Yellow curry powder on its own has a few surprising benefits. Made up of turmeric, coriander, cumin, fenugreek, and chili pepper, curry powder is anti-inflammatory and contains plenty of antioxidants.
Ingredients and substitutions
This is my basic curry recipe so no need to include all of the ingredients listed below. Feel free to add in additional vegetables, beans, or legumes. You can also remove anything that’s unappealing!
These are the ingredients I love to use:
- Olive oil – To saute the onion, garlic, and ginger. Use coconut oil instead if you wish.
- Onion, garlic, and ginger – For unforgettable flavors. You can use fresh garlic cloves or garlic, or use powdered if that’s all you have.
- Red curry paste – For flavor and spice. Reduce the amount you use to 1 tablespoon if you like it less spicy. *Make sure the one you are purchasing does not contain fish.
- Seasonings – Yellow curry powder and turmeric powder will create a vibrant yellow hue and add flavor and nutritional properties.
- Butternut squash – Both fresh or frozen squash will work.
- Coconut milk – Use full-fat coconut milk for more flavor.
- Fire-roasted tomatoes – Use crushed tomatoes if you can’t find fire-roasted.
- Maple syrup – For a touch of sweetness and balance. You can swap this for brown sugar or agave.
- Tamari – Or soy sauce if you don’t need it to be gluten-free.
- Lime juice – To round out the flavors and add a hint of acid and citrus. Citrus also helps us absorb the iron from the spinach more readily too!
- Fresh baby spinach – Because fresh greens are the best! Feel free to swap the spinach for kale or another favorite leafy green.
Want to add more protein to your Thai Butternut Squash Curry?
Adding 1 ½ cups of cooked chickpeas or ¾ cup of uncooked red lentils will give the curry more protein to fill you up.
Use a little extra water if using lentils, and add them in with the squash so they have time to cook and soften. If using chickpeas or another cooked bean, add them in with the coconut milk.

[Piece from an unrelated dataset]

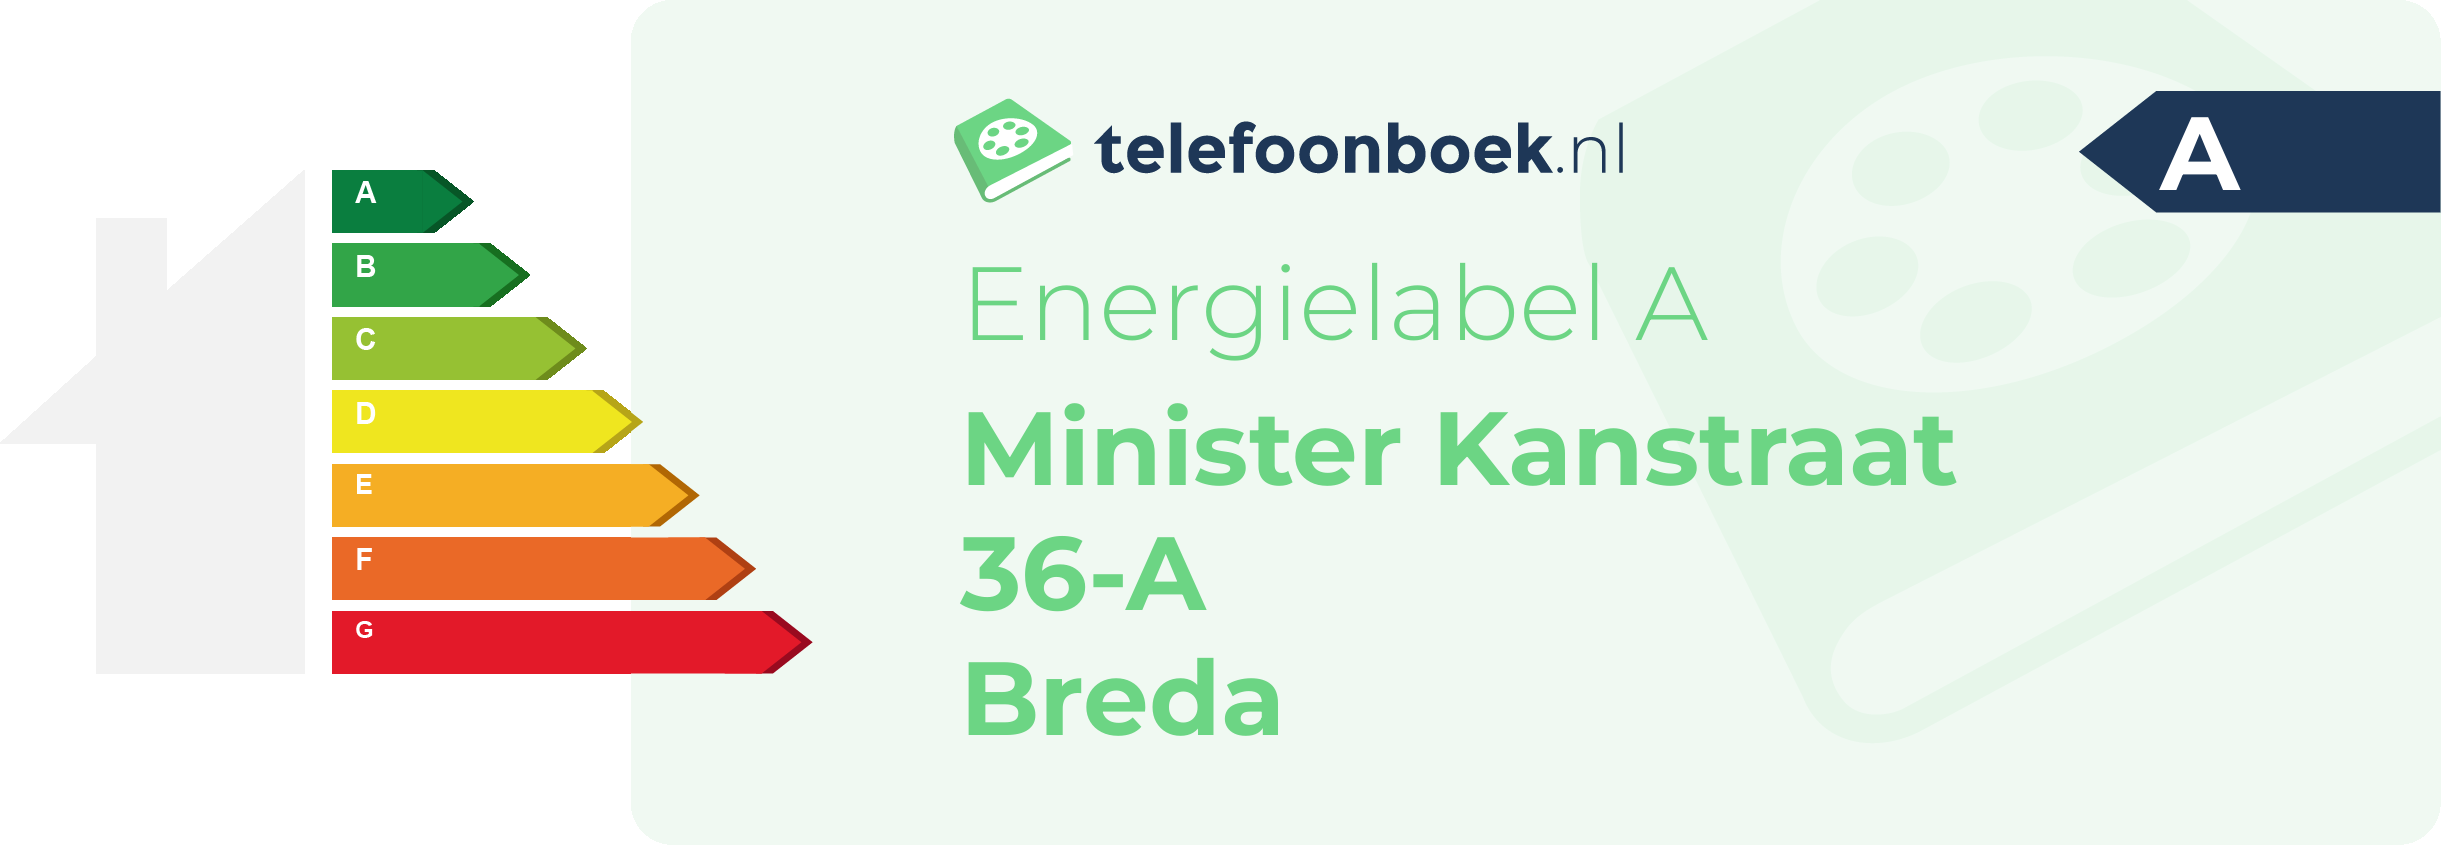 Energielabel Minister Kanstraat 36-A Breda

Alternatively, throw on a cubed grilled tofu steak for a bit of smokiness.
How to serve curry
Serve a bowl of this vegan curry over brown rice, basmati rice, quinoa, or whatever grain you enjoy the most. Top it with crushed cashews or peanuts, fresh cilantro, or lime wedges for flavor and crunch.
Making this Vegan Butternut Squash Curry ahead of time
This butternut squash and spinach curry can be made the night before and reheated the next day. Letting it sit overnight will allow the ingredients and flavors to meld together, making for an extra tasty lunch or dinner.

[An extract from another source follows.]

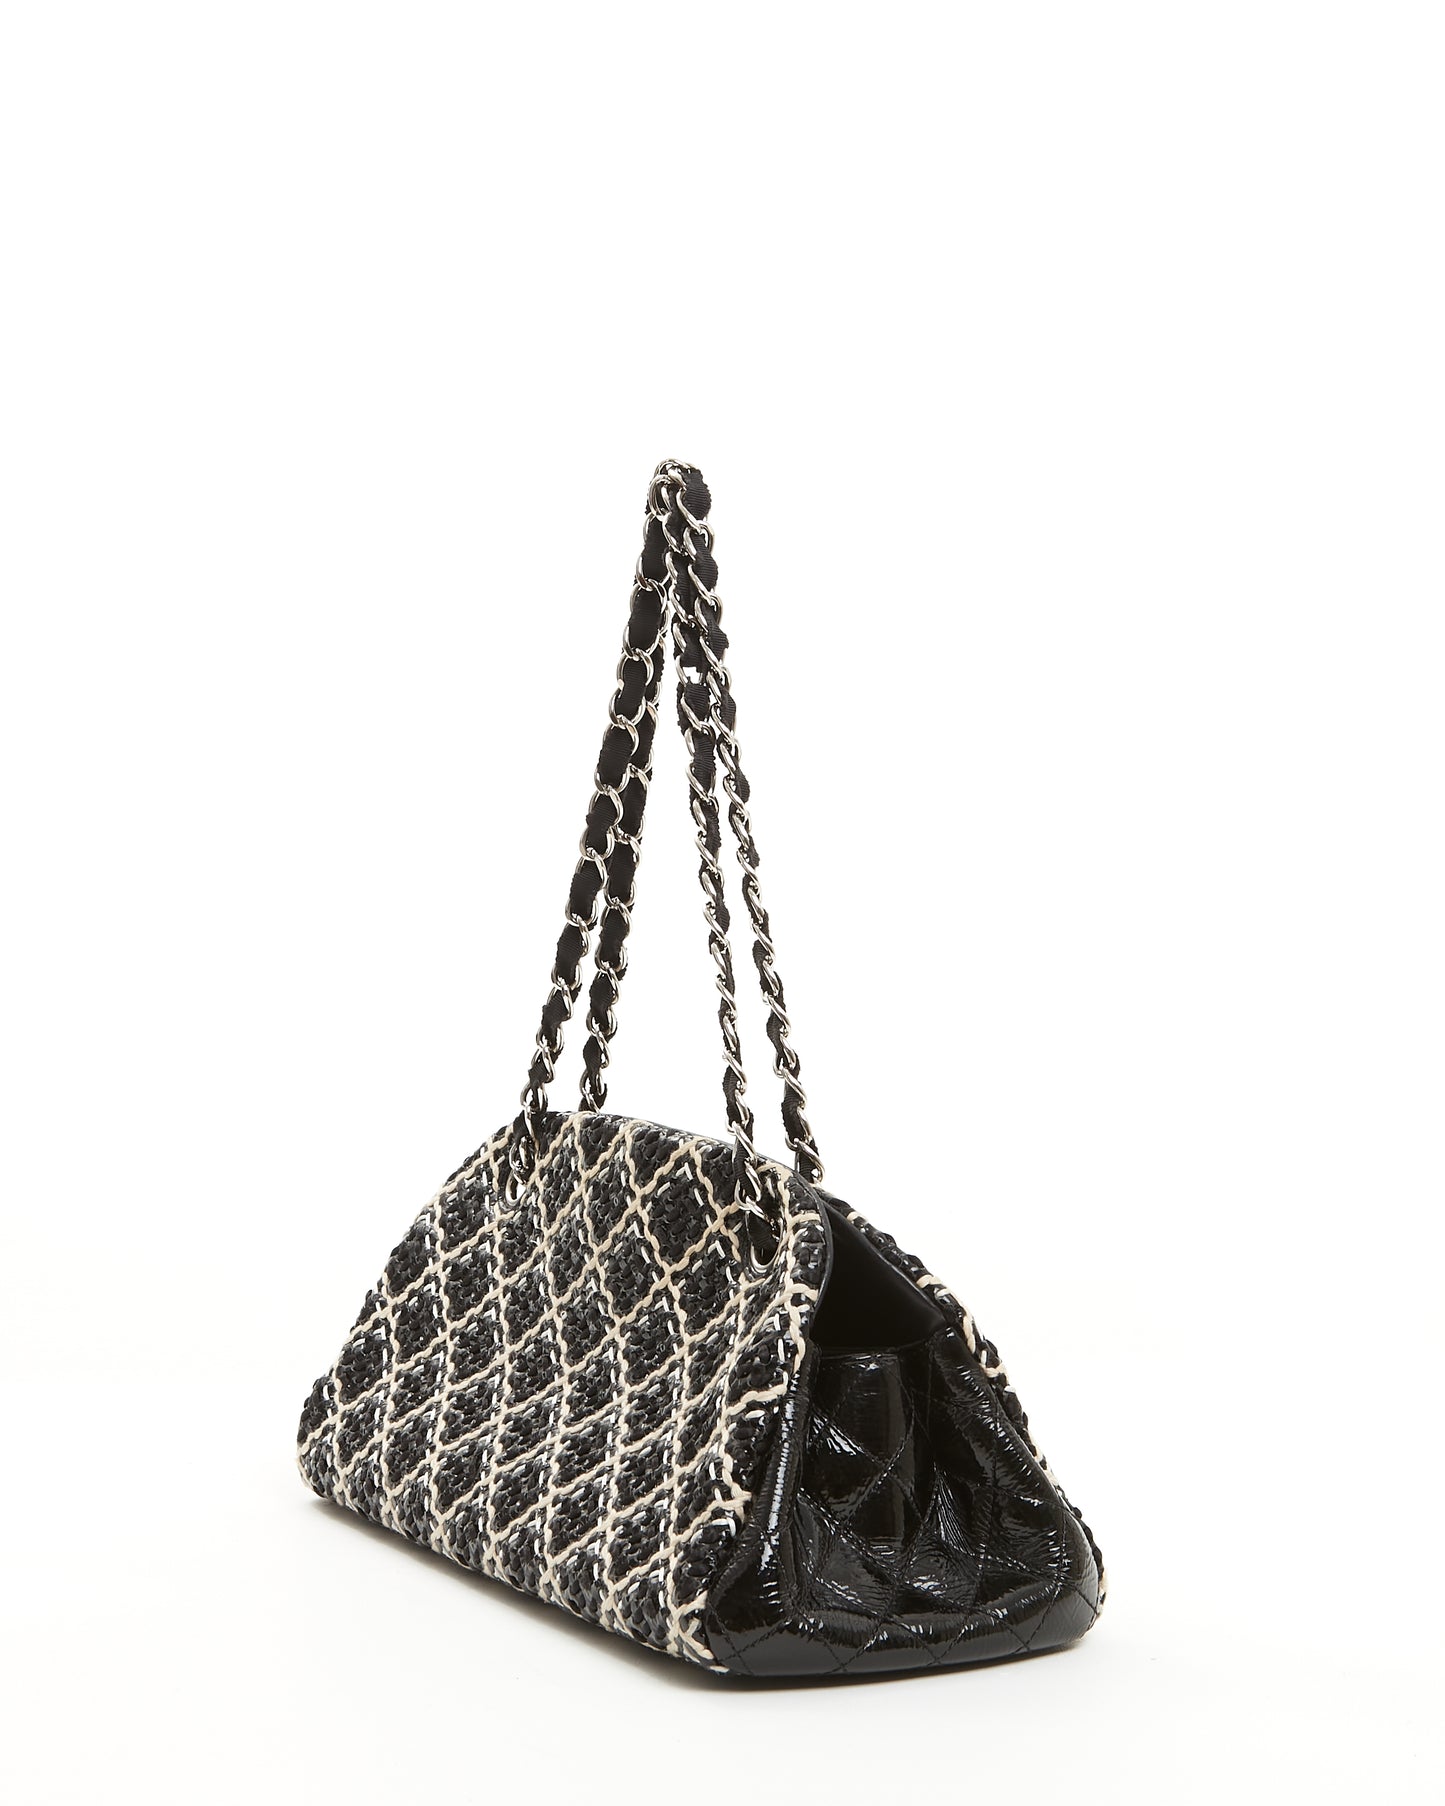 Chanel Black/White Tweed Patent Leather Bowling Shoulder Bag

Store any leftovers in an airtight container for 2 or 3 days in the fridge. Keep the batches in individual containers for easy grab-and-go lunches.

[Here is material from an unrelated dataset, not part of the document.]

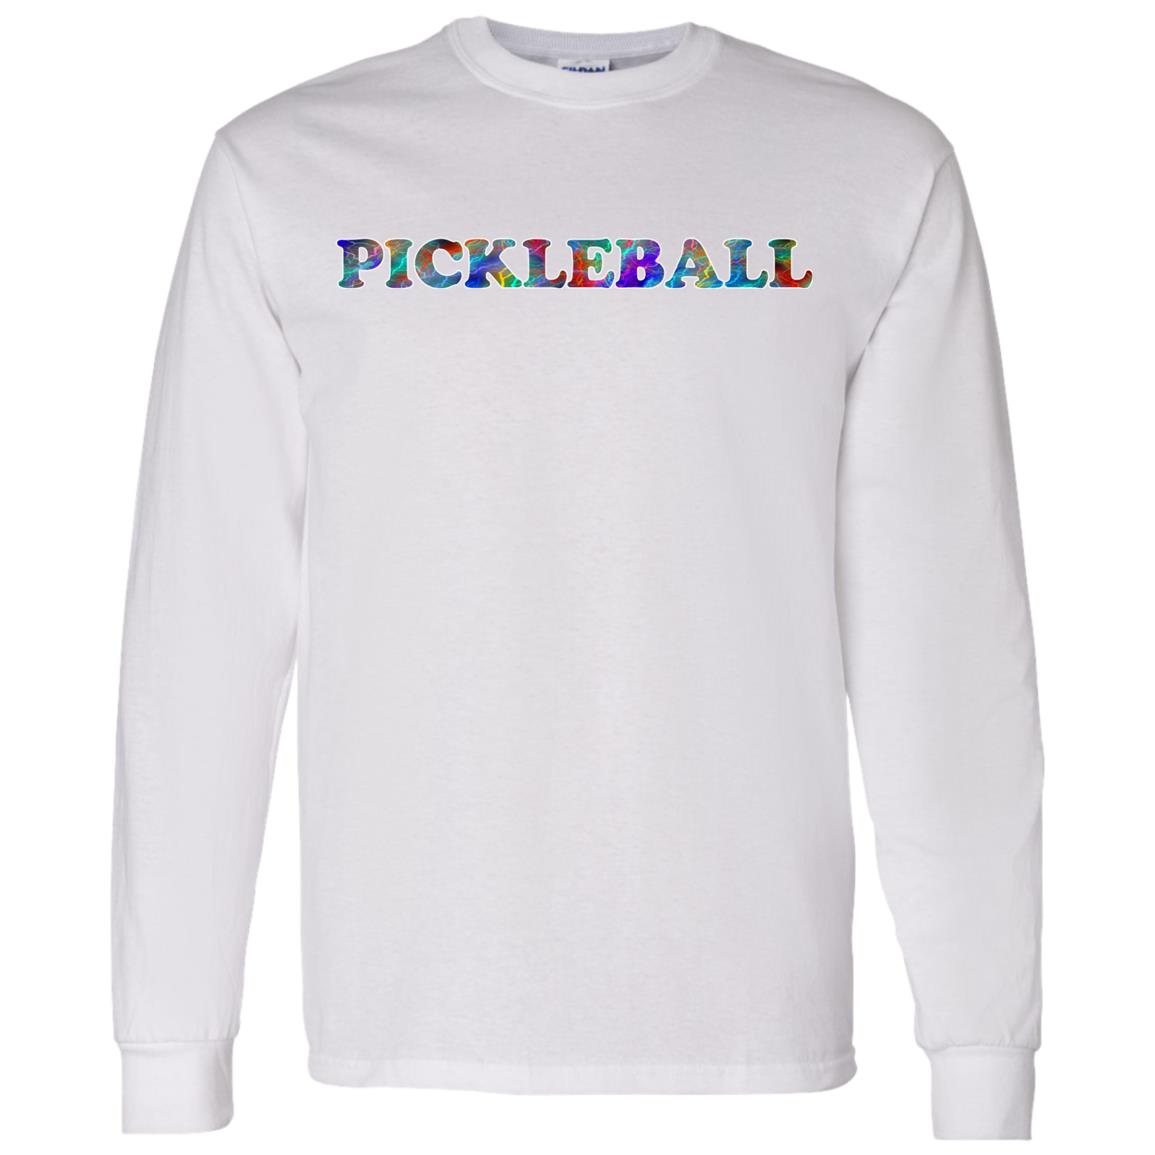 Pickleball Long Sleeve T-Shirt

Freeze leftover curry by adding it to a sealed bag or pyrex glass jar with a lid. Freeze for up to 3 months, and leave it in the fridge overnight to thaw.
Reheat leftovers in a skillet on the stovetop or for a few minutes in the microwave.
More versatile recipes
All of these recipes are so flexible. Add in all of your favorite ingredients or easily make adjustments to fit your preference:
- Easy Thai Quinoa Salad – for a quick lunch or easy dinner
- Red Curry Mac and Cheese – so many veggies to add to this
- Vietnamese Noodle Bowls – perfect for an easy meal
- Buffalo Chicken Salad – can be made with any veggie in the salad that you like
Recipe
📖 Recipe
Butternut Squash Curry (Vegan)
Ingredients
- 1 TB olive oil or coconut oil or saute in water if you are not using oil
- 1 small onion chopped
- 4 cloves of garlic minced
- 1 TB ginger minced/grated
- 2 TB red curry paste use only 1 TB if you don’t like too much spice
- 1 tsp yellow curry powder
- ½ tsp turmeric powder
- 5 cups butternut squash in small cubes (fresh or frozen) – about 1 pout (600g)
- 1 15 oz can of coconut milk
- 1 20 oz can of fire roasted tomatoes (can use crushed tomatoes if you can’t find fire roasted), drain liquid and save
- 2 tsp maple syrup
- 1 TB tamari or soy sauce
- Juice of ½ a lime
- 5 cups fresh baby spinach
- Topping: crushed cashews or peanuts fresh cilantro, lime wedges
Instructions
- Add oil and onions to the pan and cook for 5 minutes
- Add garlic and ginger and cook for 2 minutes
- Add curry paste, curry powder, turmeric and butternut squash and cook for another 2 minutes while stirring
- Add rest of the ingredients (except spinach and toppings), stir, cover and cook for 10-15 minutes on or until squash is tender
- Add spinach and stir until fully wilted
- Turn off the heat, uncover and let sit 5 minutes to thicken
- Serve with your favorite grain and add any toppings
Notes
- This curry can be made the night before and reheated the next day.
- Store any leftovers in an airtight container for 2 or 3 days in the fridge. Keep the batches in individual containers for easy grab-and-go lunches.
- Freeze leftover curry by adding it to a sealed bag or pyrex glass jar with a lid. Freeze for up to 3 months, and leave it in the fridge overnight to thaw.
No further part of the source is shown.